This is an except of an interview we had with Phakchok Rinpoche last summer.
Because Phakchok Rinpoche is only 28 years old, he is the perfect lama to ask those questions that young people have!
Question: Many of us experience pressure from society, friends or family, to have a 'normal life'. Like going to parties, to get a good education, have a good job, and so on. But our wish is to practice Dharma more intensively, so how can we deal with that pressure?
Don't be too defensive
Phakchok Rinpoche: That's very easy. But this question looks like it has quite a few questions inside. I think it's like this: Buddha's teaching is very liberal, very tolerant.
For example, if somebody comes to tell me, 'You know, I think Buddhism is quite stupid'. I'm not going to defend at all. I ask, 'OK, why do you think so?'
I'm just going to explain. If they don't want to listen, that's fine. I'm never going to defend the teachings. I'm not going to defend what is right or wrong because that shows the colour of your mind is not tolerant. You are more attached to your things, your view, and you're exactly the same. Everybody's like that.
Dharma teaches us not to be attached to anything. What I'm saying is, don't try to create problems through your belief system and attachments.
So when your family tells you to study... Family is important, don't try to go against them right away. Do with skillful means, you know.
For example, Iwent to Israel one time, I have a few people there telling me, 'my family's telling us they're not happy because we don't wear a kippah' [Jewish religious cap]. 'I don't want to wear a kippah, because I like to practice Buddhism'.

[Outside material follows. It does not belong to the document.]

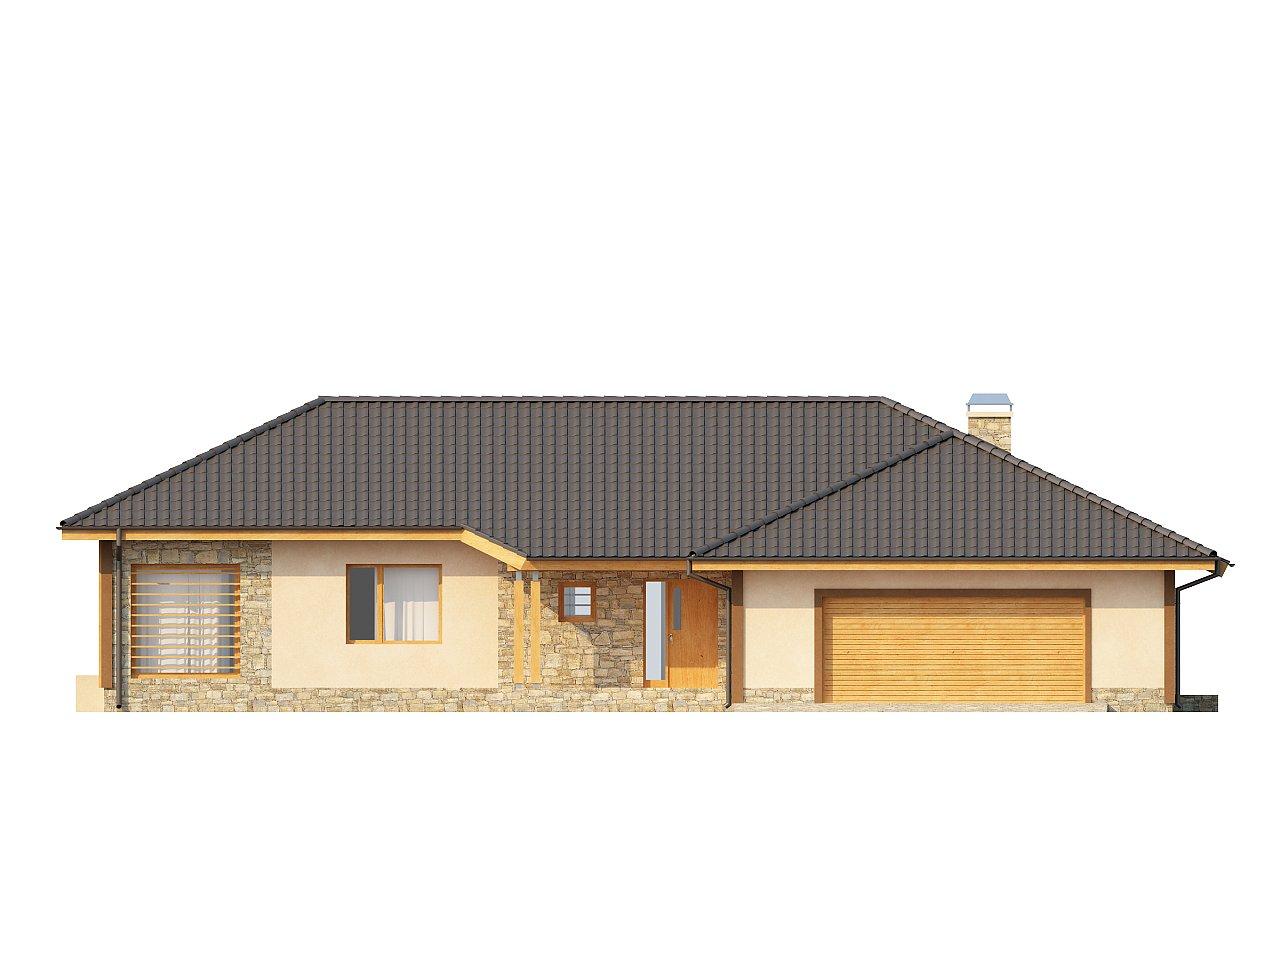 Проект одноэтажного дома с выступающим фронтальным гаражом. - фото 3

Wearing a kippah, makes you not Buddhist? My question is very simple. Then I told them, 'I give you very good method. You take your kippah and you put 'om mani padme hung' on the inside, then wear it'. Then because of kippah God can see you, and 'om mani padme hung' blessed your thing as well! Not bad... It's just a little joke, but it's just a way to make their thinking a little bit softer, they're too much defending.
Be skillful
And sometimes I tell people who have very orthodox families, you know, “They want to see you in church? Go! Make them happy!” What's wrong with that? I tell people like this, “Be tolerant!” Don't be too strict in yourself. I think, it's not healthy.

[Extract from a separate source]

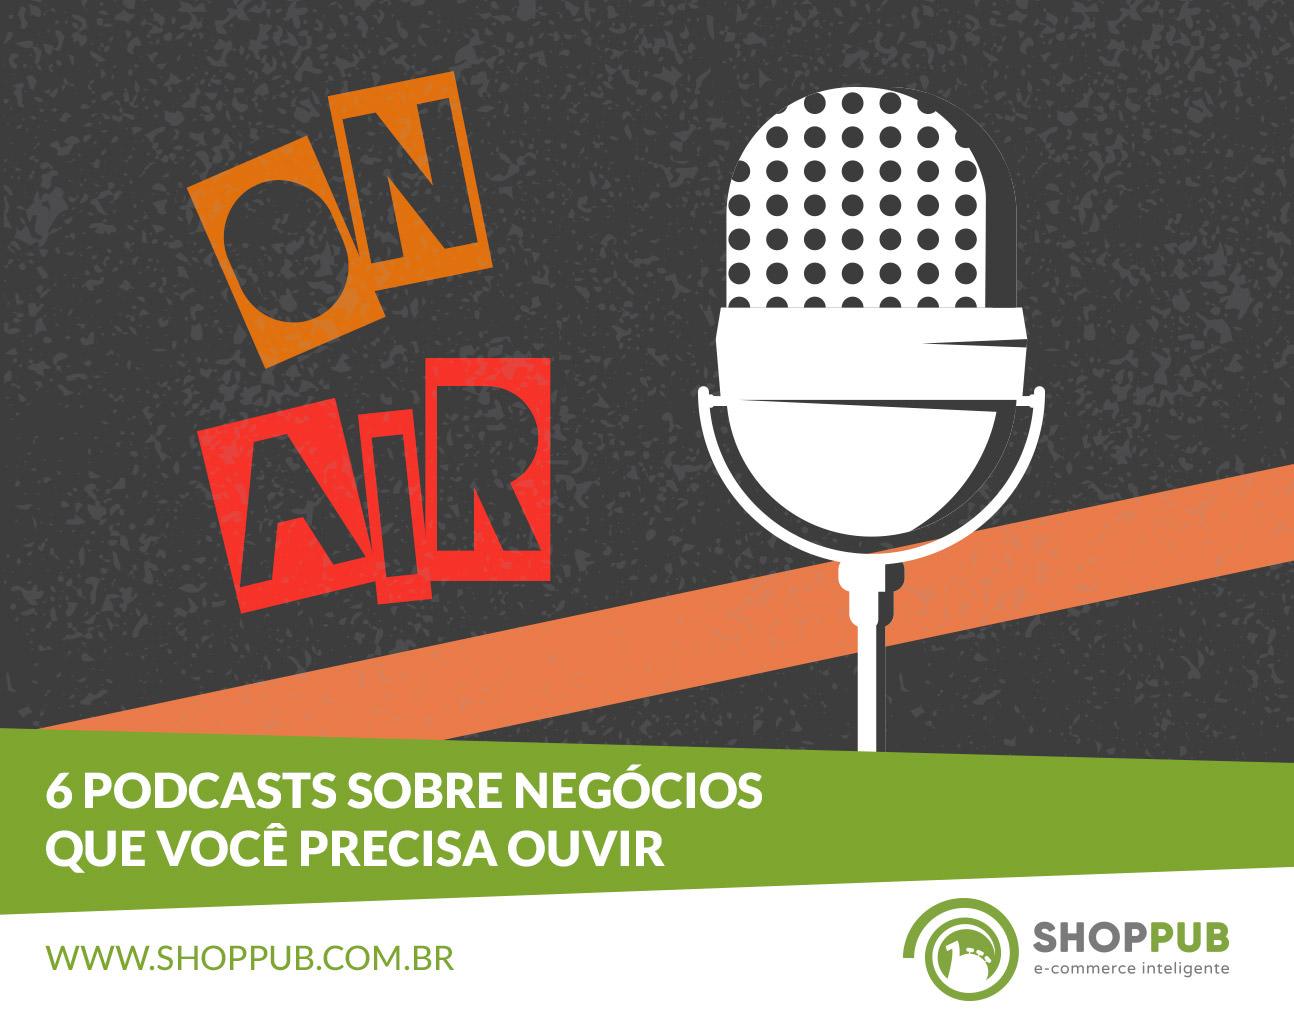 526a41526 6 podcasts sobre negócios que você precisa ouvir - Blog Shoppub

You earn your money, everything is good, your family's happy. Then you say 'OK, now I want to go to on one year retreat, this is my deep wish.' They're going to respect you too. If you fight saying, 'I want this, it's my right', they might say 'OK' but in their heart they're saying, 'Oh, I have my son, now not listening to me, because of this stupid Buddhism.' 'Now, my daughter I love so much, because of this stupid Tibetan monk came, I don't know what he taught, now she says she's going to change her life completely'.
That is not good. You should slowly move in... They are human beings, they can understand. But sometimes if they really don't understand, it doesn't matter, make them happy. What they want to see you do, try to do that. At the same time, you make your own time to practice. Show how tolerant your mind is, this is the thing I want to say, bottom line: show how tolerant you are.
You want to be a serious practitioner? Do your work or study, and also practice every day, as much as you can. And you plan a time for retreat... one month, two months, after five years work, you go like six months or whole year on retreat. You know, slowly, slowly.. Do that. I think it's very good.
Don't try to convert people
You should be very liberal so when family or friends tell you to go to party, you should go. Go, it doesn't matter, there's nothing wrong with going to a party! But going to a party, being wild like them, then there's something wrong. Go to party, act a little wild but don't really be wild. In the party you have a drink and talk, it's very nice, yeah, you know, 'life is impermanent'. So you already give some Dharma there. 'Don't be too selfish, it's not good, it's going to be painful for you'.
Honestly, when you do like that, then slowly they'll understand. Then slowly, they will say 'You know, I have some problem with my life... A while ago, I think you said something about being selfish. Who taught you that?' Ah, so then you can share some Dharma! But don't go trying to convert them... don't be like that.
Dharma is very liberal
Because honestly, what is Buddhadharma? Buddhadharma says very clearly, 'Don't do evil deeds, actions that make other people suffer and yourself suffer. Do good things, actions that make other people happy and yourself happy. But most important is to tame your mind, that is the Buddhadharma'.
Where did Buddha say, 'Believe me, that's the Buddhadharma'? Where did Buddha say, 'Kill people, this is the Buddhadharma'? Where did Buddha say, 'Torture yourself, that's Buddhadharma'? Where did Buddha say, 'Keep your anger all the time, that's the Dharma'? Buddha never said that.
Buddha said, 'Tame your mind', that is the Buddhadharma, so that is your job.
Buddha also says, whatever I've taught you, don't put the teachings right away in your head. Examine, examine if my teachings make sense or not, like a goldsmith checks the gold. Is it really gold or not? And if you see it's the real gold, then you keep it.
In some verses he says, 'I've shown you the path, whether you want to follow or not, it's your choice!' From the beginning Buddha is very liberal. So if we try to be too strict, I think it's not good, we should be a little bit liberal.